Debugging in R

Debugging in R

Introduction

In this practical we will introduce and practise basic debugging in R and RStudio. We will use the cost-effectiveness Markov model code to demonstrate this.

Open up the script debugging_script.R and run it by pressing the source button.

We want to use the ‘broken’ functions for this practical so we will first source the files ce_markov_debug1.R and p_matrix_cycle.R by running

source("ce_markov_debug1.R")
source("p_matrix_cycle.R")

Make sure this points to the correct folder for you.

debugging_script.R is the main script from which to run the analysis which calls our function ce_markov. You should get the following error

Error in cycle_state_costs[i, ] <- (state_c_matrix[treatment = i, ] %*%  : 
  number of items to replace is not a multiple of replacement length

Lets investigate…

Using debug()

The functions browser() and debug() are simple to use and very powerful at identifying the source of an error.

debug() works by telling R to enter the debugger at the first line whenever a given function is called.

debug(ce_markov)

This breakpoint on the first line will remain until you remove it with

undebug(ce_markov)

Sometimes you just want to run the debugger a single time and so instead use

debugonce(ce_markov)

Once you’ve set this either re-soruce debugging_script.R or just run the relevant bit

ce_res <- ce_markov(start_pop = c(n_pop, 0, 0),
                    p_matrix,
                    state_c_matrix,
                    trans_c_matrix,
                    state_q_matrix)

The GUI will show you the ce_markov() script with the body of the function highlighted. A green arrow on the left hand side will point at the first line of the code. This indicated where the debugger has stopped at and hasn’t executed any of the lines below it.

Execute the next line of code by either pressing n or Enter or F10 or clicking on the Next button.

Notice in the Environment pane that the values are for those passed to the function.

If you ‘step through’ the code by pressing Next a few more times you will see the Environment variable being up dated as the highlighted code moved down line by line.

When you get to the for (j in 2:n_cycles) loop you’ll notice that pressing Next takes you around every iteration.
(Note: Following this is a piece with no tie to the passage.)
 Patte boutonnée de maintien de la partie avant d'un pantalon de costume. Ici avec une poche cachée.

If you want to fast forward and leave the loop having run all iterations in one step then you can “step out” of the loop with Shift+F7.
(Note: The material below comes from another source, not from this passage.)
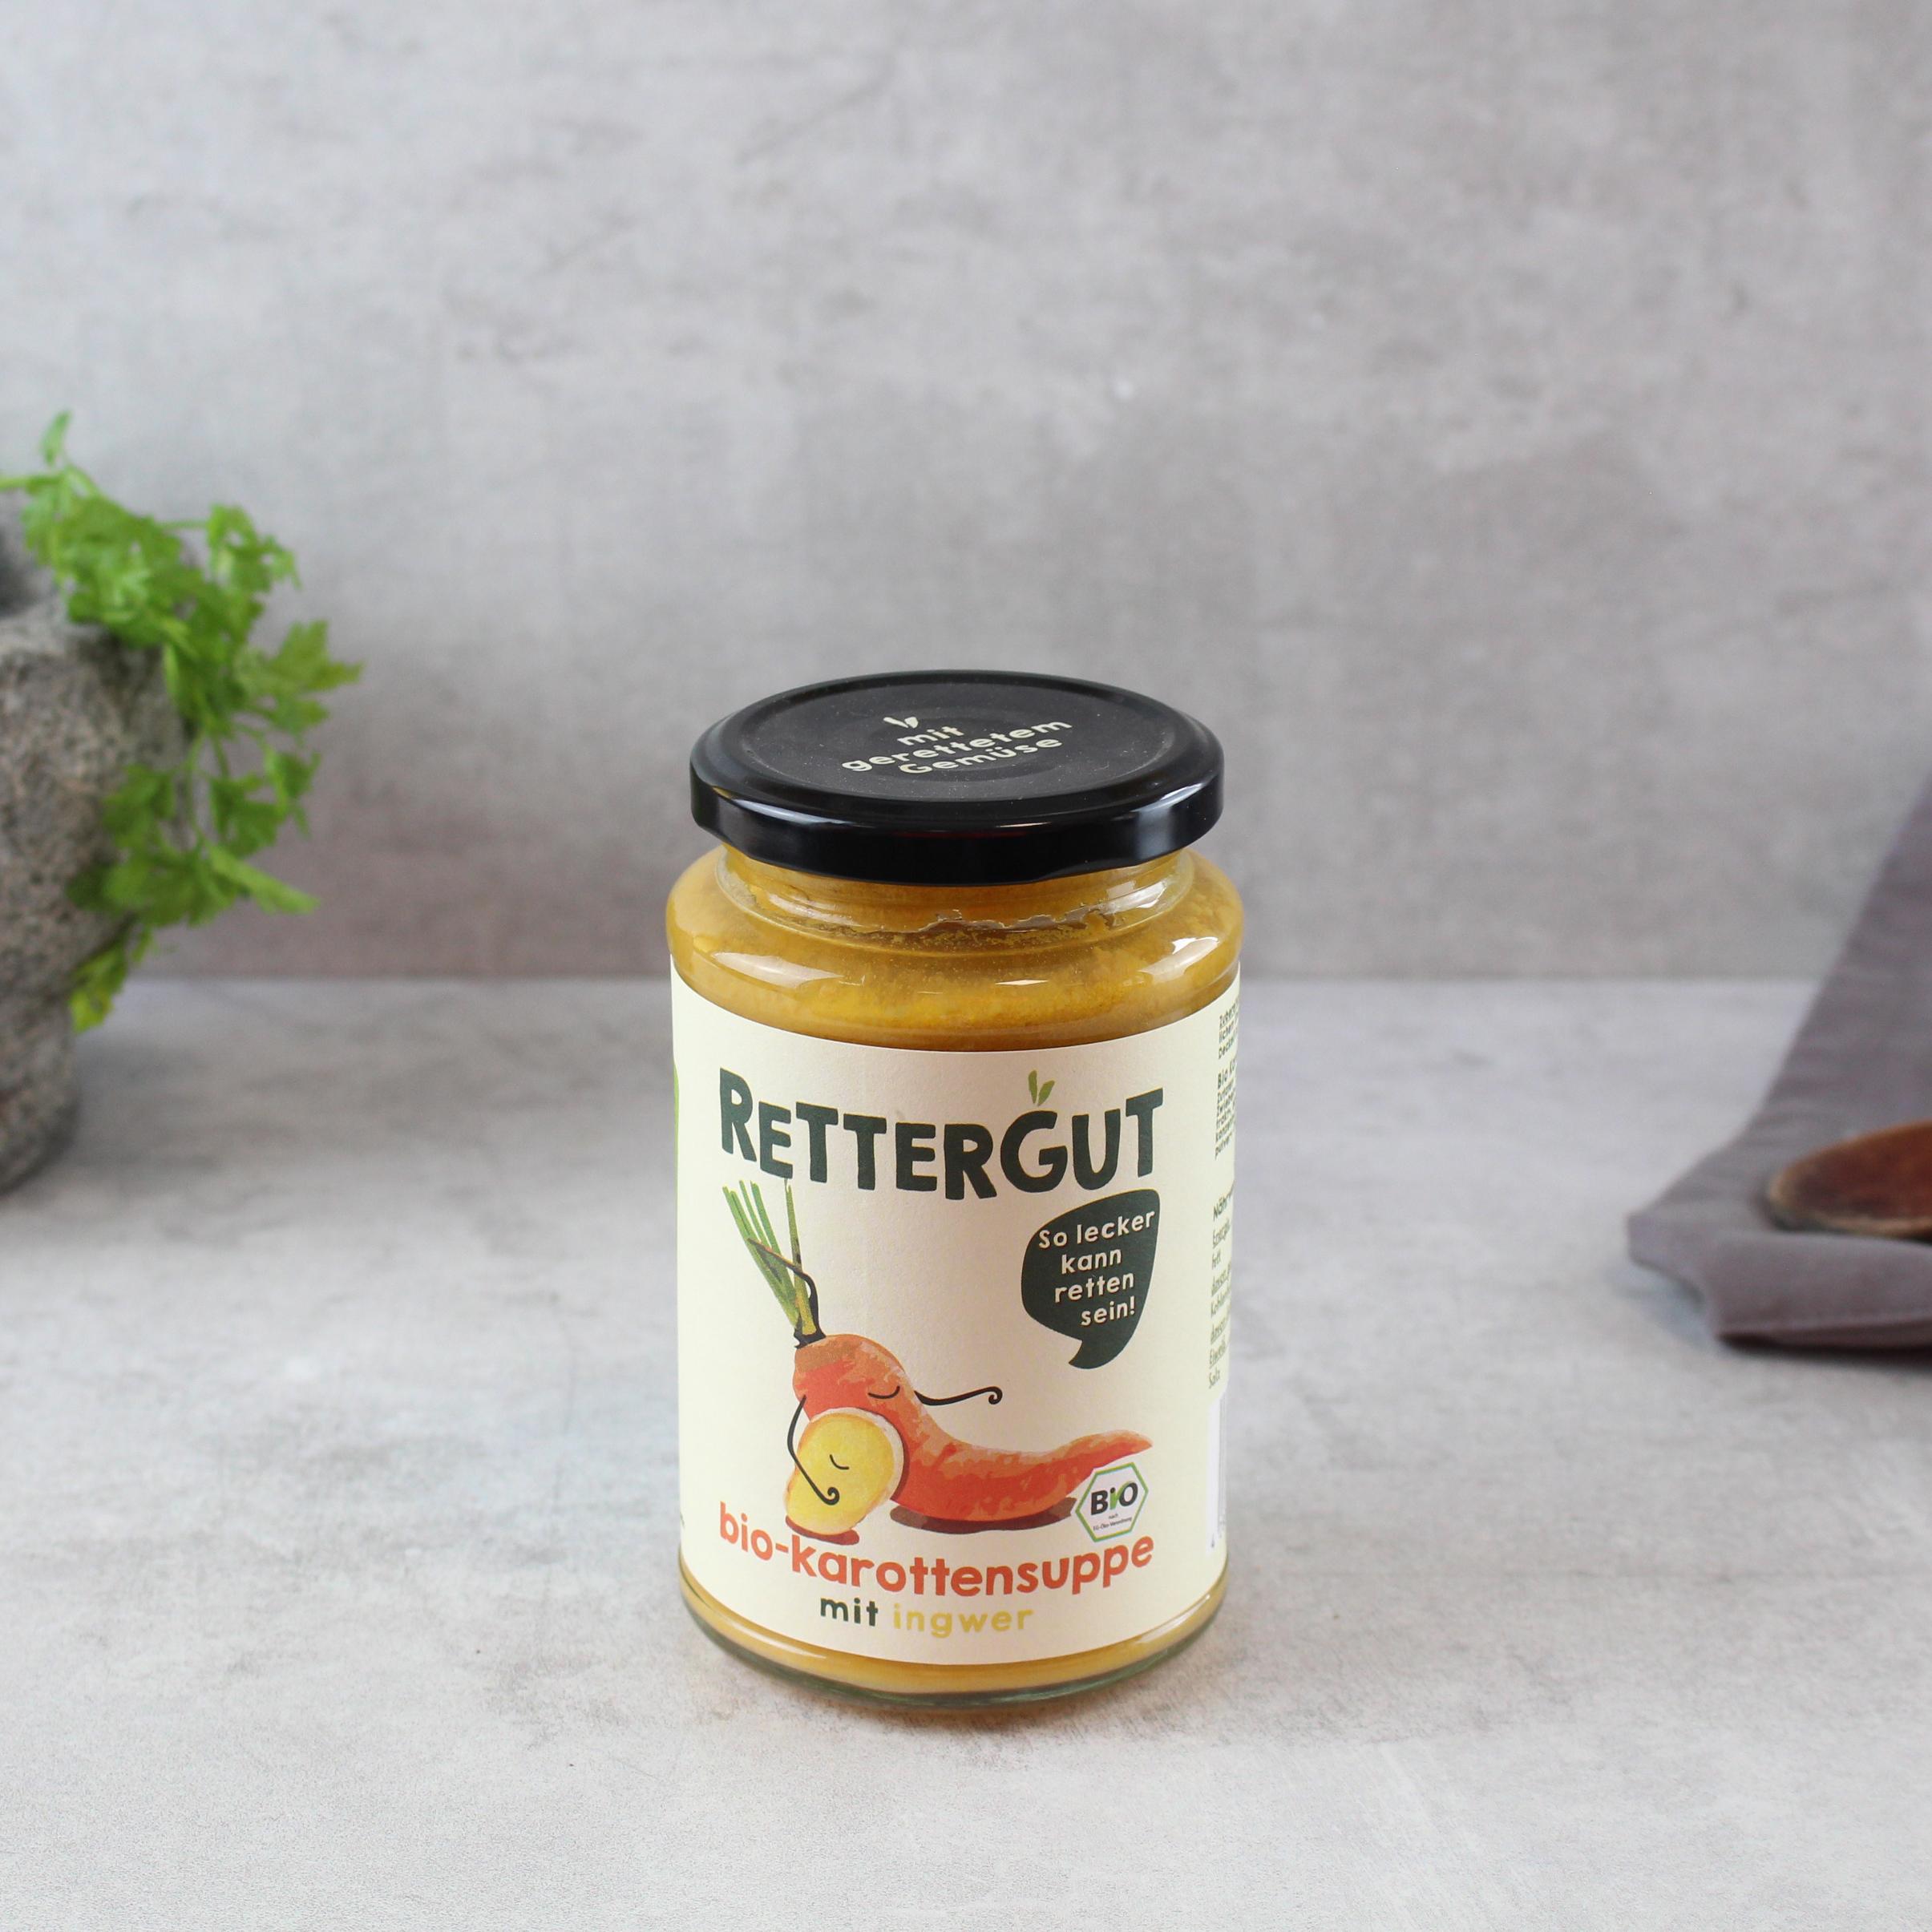 Karottensuppe mit Ingwer Dörrwerk BIO

Which line does the error occur at?

The debug() function is pretty cool because it can also show you the insides of other people’s functions.

For example, try

debugonce(mean)
mean(c(1,2,"three"))

This will send you to the mean.default method

function (x, trim = 0, na.rm = FALSE, ...) 
{
  if (!is.numeric(x) && !is.complex(x) && !is.logical(x)) {
    warning("argument is not numeric or logical: returning NA")
    return(NA_real_)
  }
  if (isTRUE(na.rm)) 
    x <- x[!is.na(x)]
  if (!is.numeric(trim) || length(trim) != 1L) 
    stop("'trim' must be numeric of length one")
  n <- length(x)
  if (trim > 0 && n) {
    if (is.complex(x)) 
      stop("trimmed means are not defined for complex data")
    if (anyNA(x)) 
      return(NA_real_)
    if (trim >= 0.5) 
      return(stats::median(x, na.rm = FALSE))
    lo <- floor(n * trim) + 1
    hi <- n + 1 - lo
    x <- sort.int(x, partial = unique(c(lo, hi)))[lo:hi]
  }
  .Internal(mean(x))
}

Have a look inside some other functions in the same way.

Using browser()

Every time you use debug() it starts at the first line of the function. Now that we have identified where the error is thrown, or if you had an idea beforehand anyway, you don’t want to step through all the code to get to the interesting bit. In this case you can use the browser()` function.
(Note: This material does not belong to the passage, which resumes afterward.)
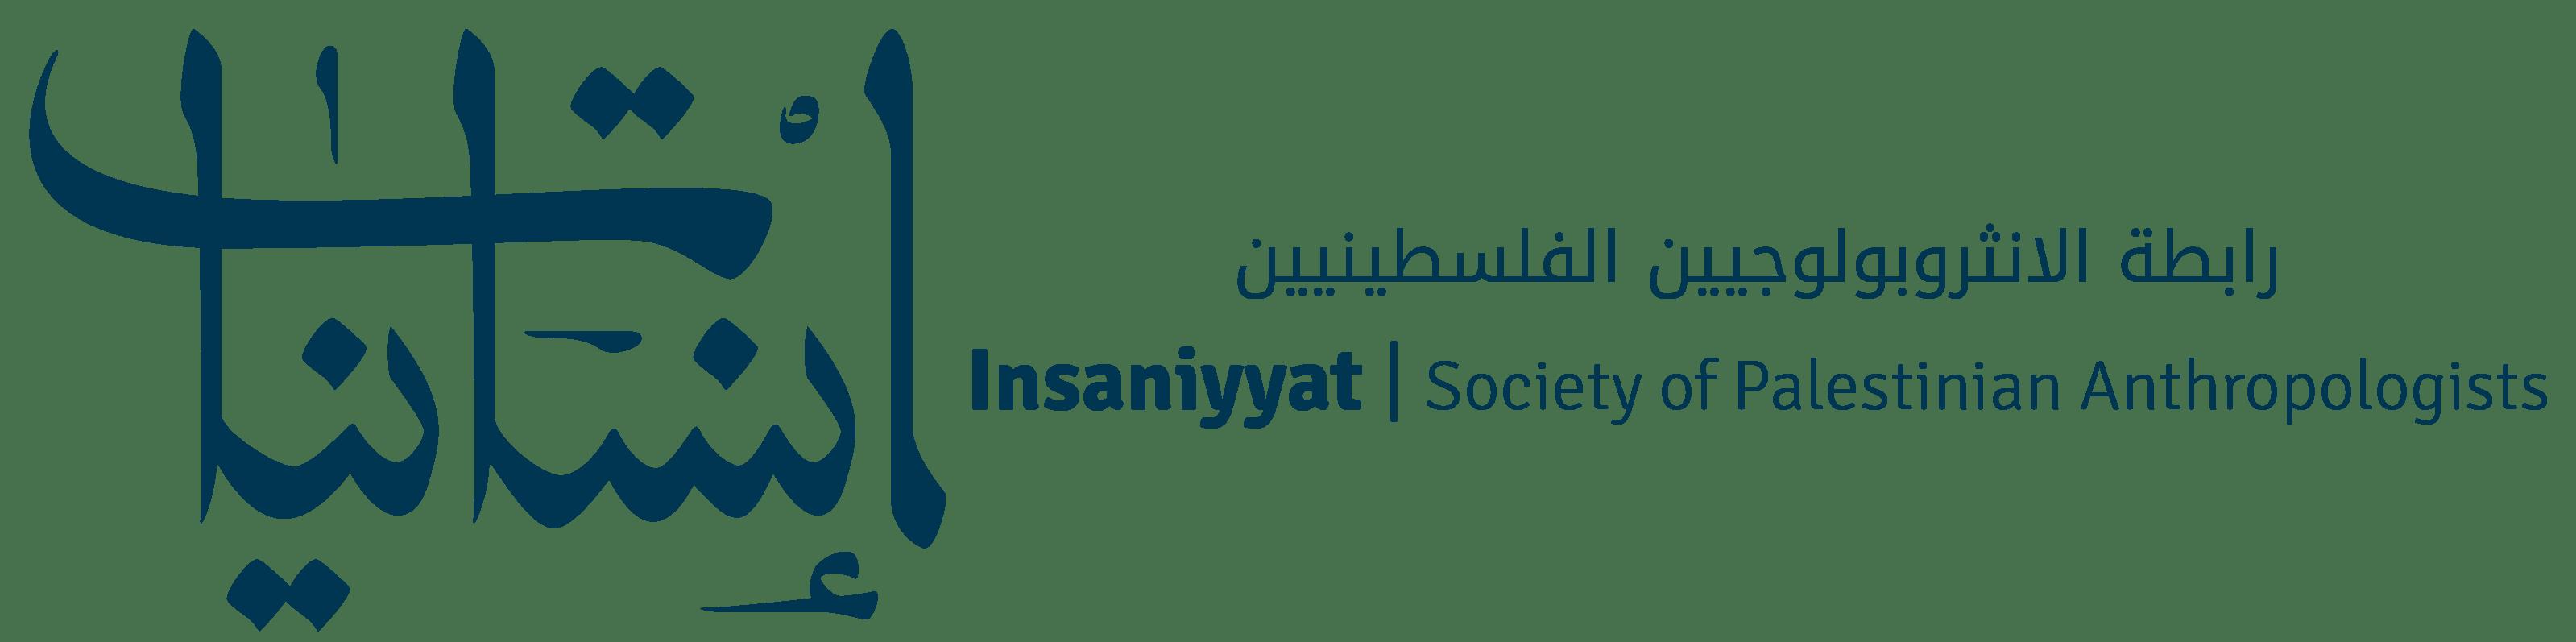 Insaniyyat_logo2

Simply write browser() on the line where you want the break point to be. Include browser() in a sensible place in ce_markov() and rerun the function. Once the break point has been activated you can step through the code in the same way as before. Don’t forget to re-source the function to tell R that you have included new code.

Editor break points

A further way that you can include break points is interactively by left clicking the margin of the Editor pane to the left of the row numbers. You’ll see that a red dot appears and this is equivalent to the browser() function at this line.

You can have multiple break points through out the code and when you continue running the code after one break point (pressing c or Shift+F5) then the code execution stops at the next one.

Try using multiple break points, setting them via the Editor

Stepping in to functions

Run ce_markov() again with debugonce(). We may have a suspicion that p_matrix_cycle is responsible for something going wrong. We could add multiple break point as above with one inside of p_matrix_cycle. Alternatively, when we get to this line of code in ce_markov() we can “step in to” the function pressing s or Shift+F4. This is like taking us one layer down into the code.

Try this stepping in to p_matrix_cycle from ce_markov. You can also step in to base R functions.

Conditional break points

As was the case against using debug() we don’t want to be stepping through loads of code to get to the point where the error occurs or where we think that the problem originated in the code.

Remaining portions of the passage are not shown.